▸ **ABOUT THIS TASK**
Nothing but the lines from the one with "Vital Signs Digital Health Law" through the end of the data should be set down, each exactly as written, and no picture should be included.

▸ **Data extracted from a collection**
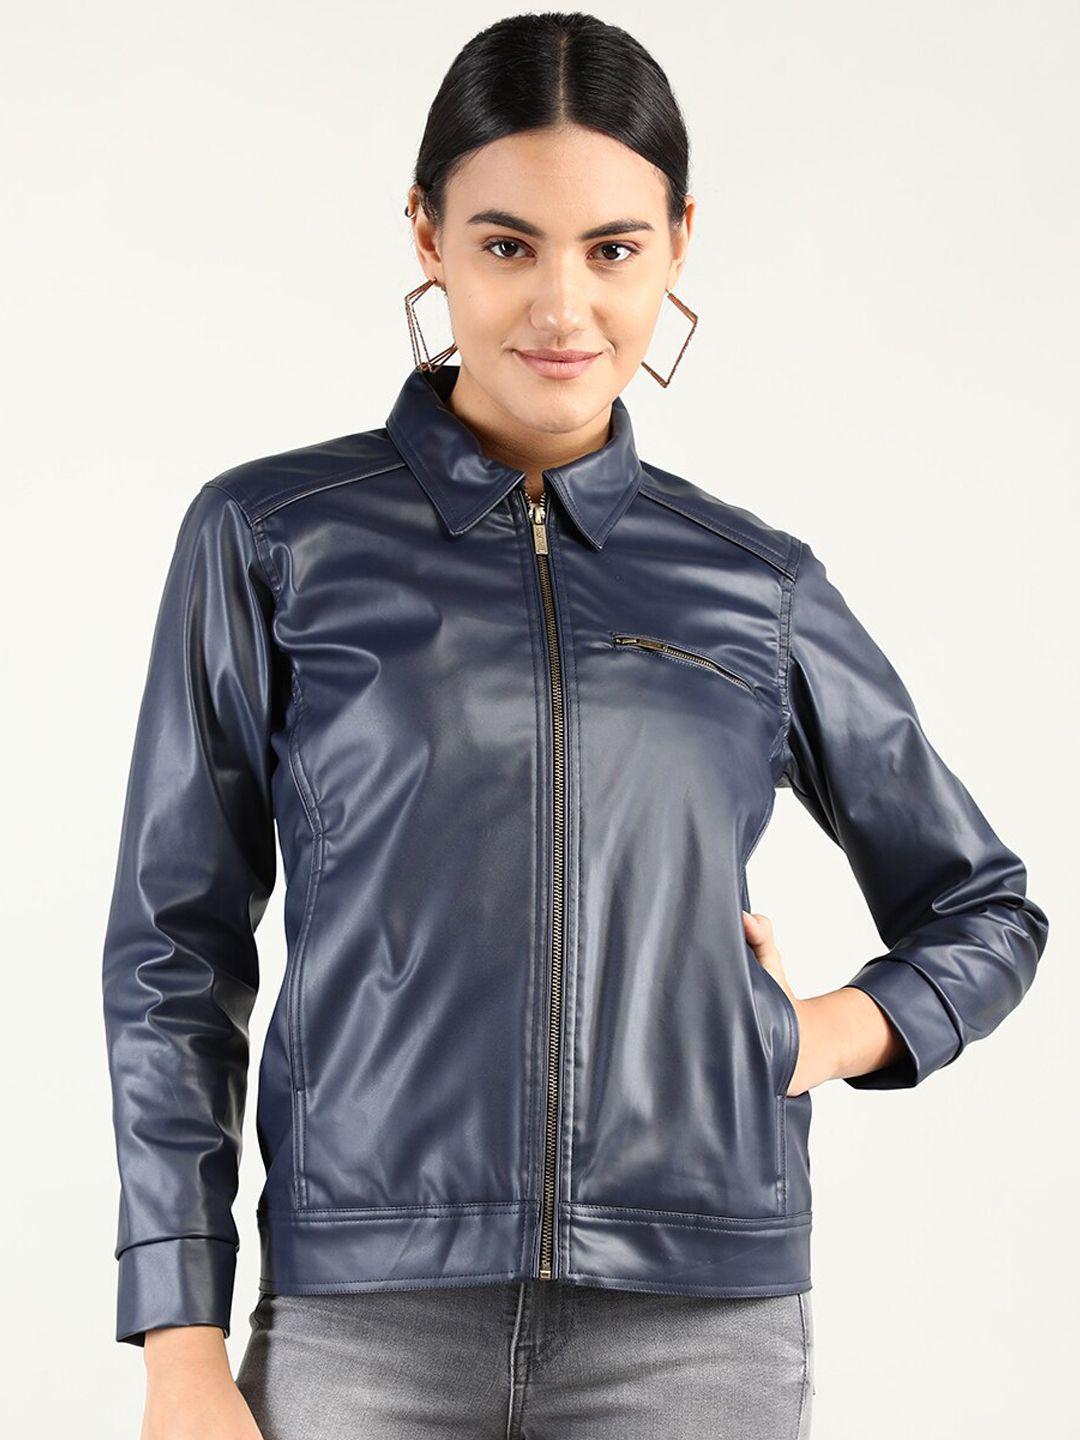 dlanxa women leather jacket
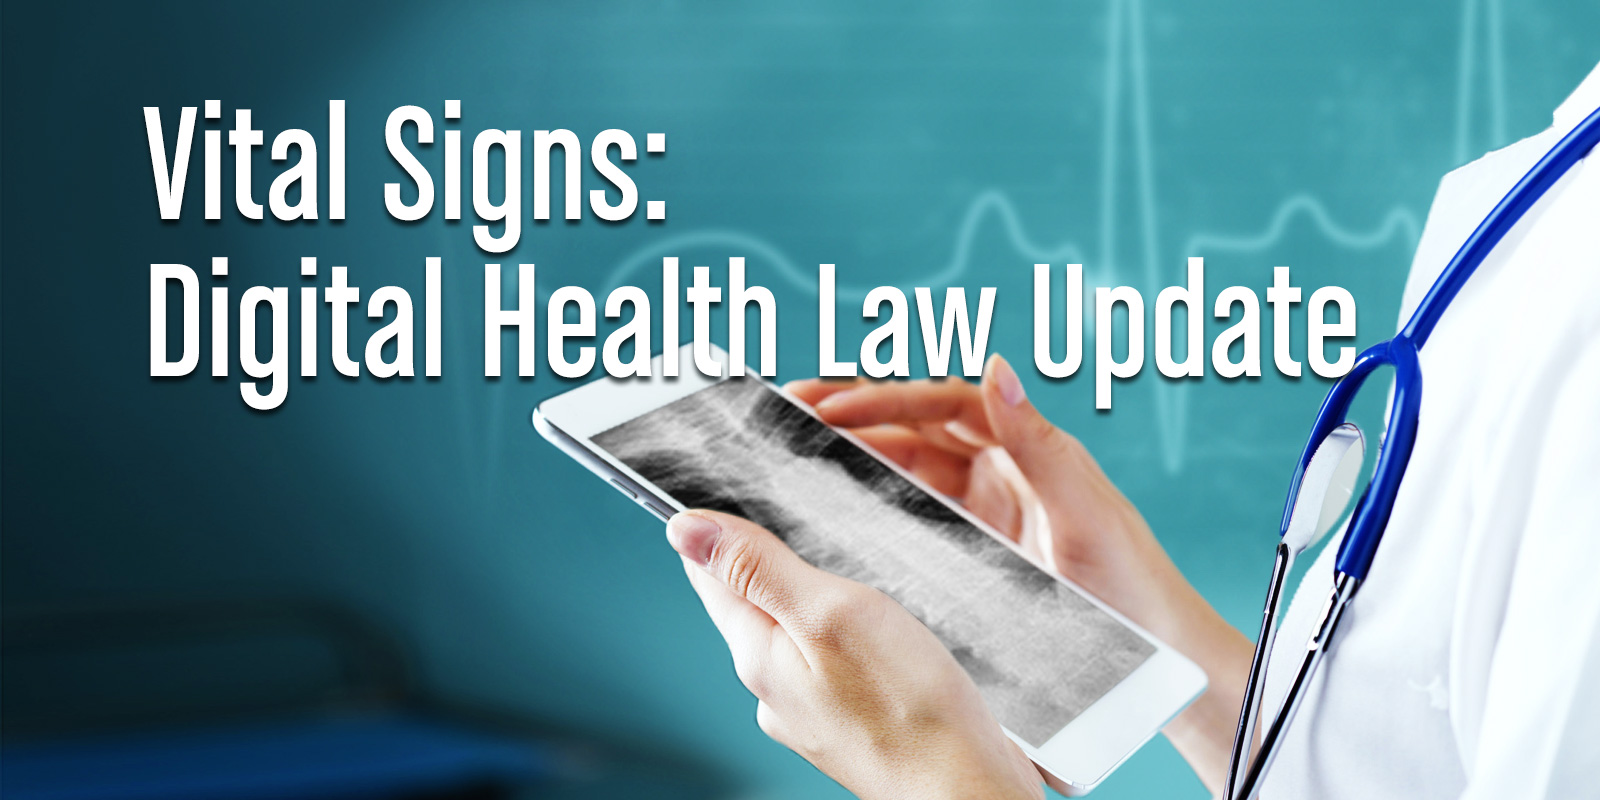 Vital Signs Digital Health Law
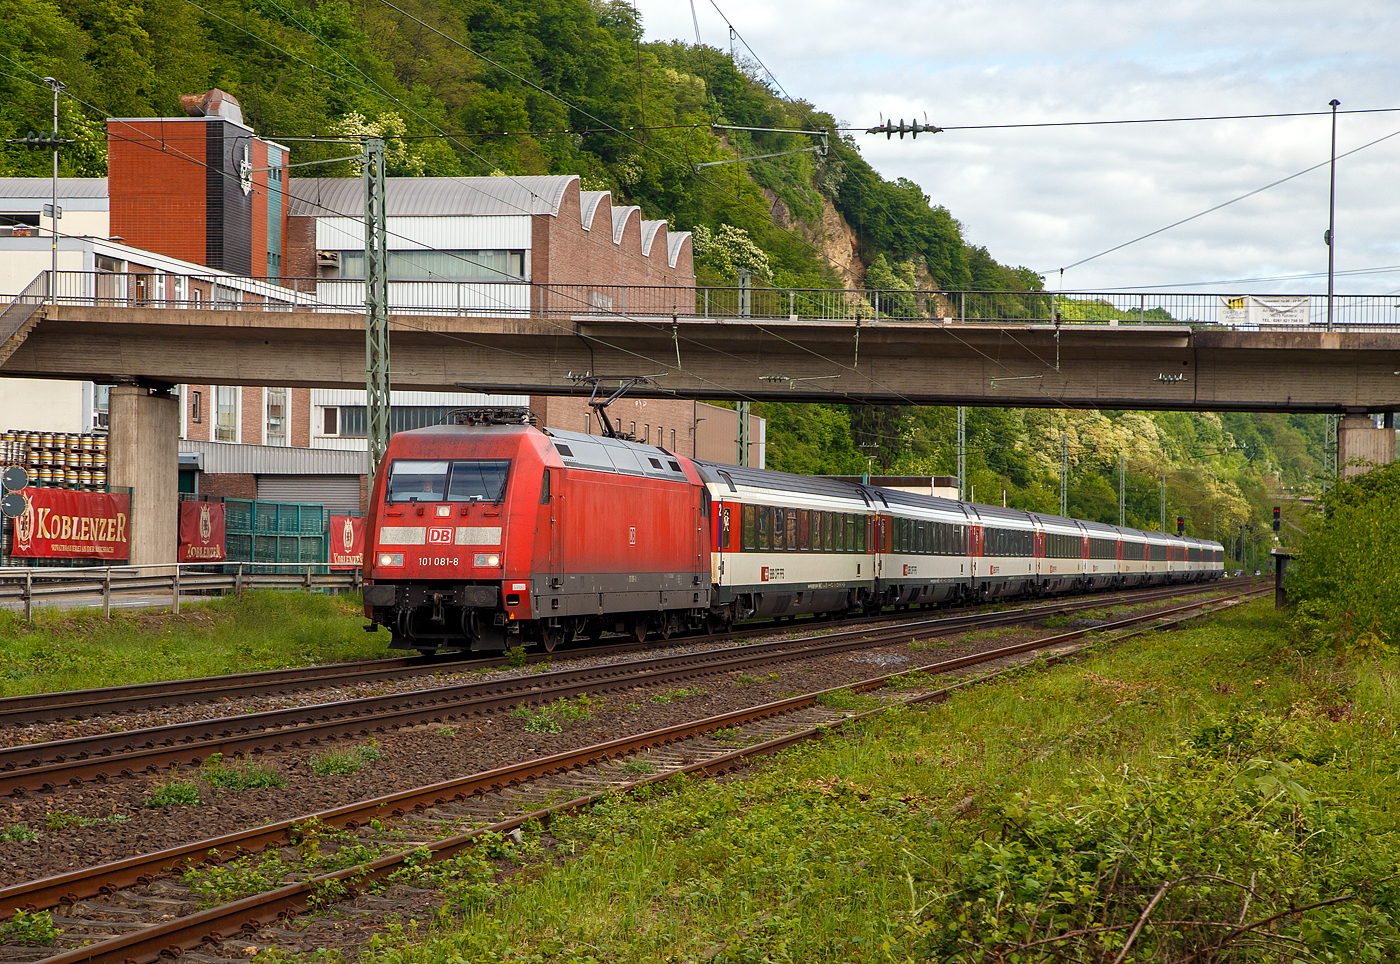 Die 101 081-8 (91 80 6101 081-8 D-DB) der DB Fernverkehr AG, fhrt am 28.04.2018, mit einem EC bestehend aus SBB EuroCity-Wagen, auf der Linken Rheinstrecke (KBS 471) durch Koblenz-Oberwerth, in Richtung Mainz bzw. Schweiz.

Die EuroCity-Wagen (Apm EC und Bpm EC) der SBB sind zwar nach hnlichen Prinzipien aufgebaut worden, werden aber in der Schweiz nicht als Einheitswagen bezeichnet. 

Die Lok wurde 1996 von ADtranz (ABB Daimler-Benz Transportation GmbH) in Kassel unter der Fabriknummer 33191 gebaut.

▸ **ANSWER BELOW**
 Vital Signs Digital Health Law
 Die 101 081-8 (91 80 6101 081-8 D-DB) der DB Fernverkehr AG, fhrt am 28.04.2018, mit einem EC bestehend aus SBB EuroCity-Wagen, auf der Linken Rheinstrecke (KBS 471) durch Koblenz-Oberwerth, in Richtung Mainz bzw. Schweiz.

Die EuroCity-Wagen (Apm EC und Bpm EC) der SBB sind zwar nach hnlichen Prinzipien aufgebaut worden, werden aber in der Schweiz nicht als Einheitswagen bezeichnet. 

Die Lok wurde 1996 von ADtranz (ABB Daimler-Benz Transportation GmbH) in Kassel unter der Fabriknummer 33191 gebaut.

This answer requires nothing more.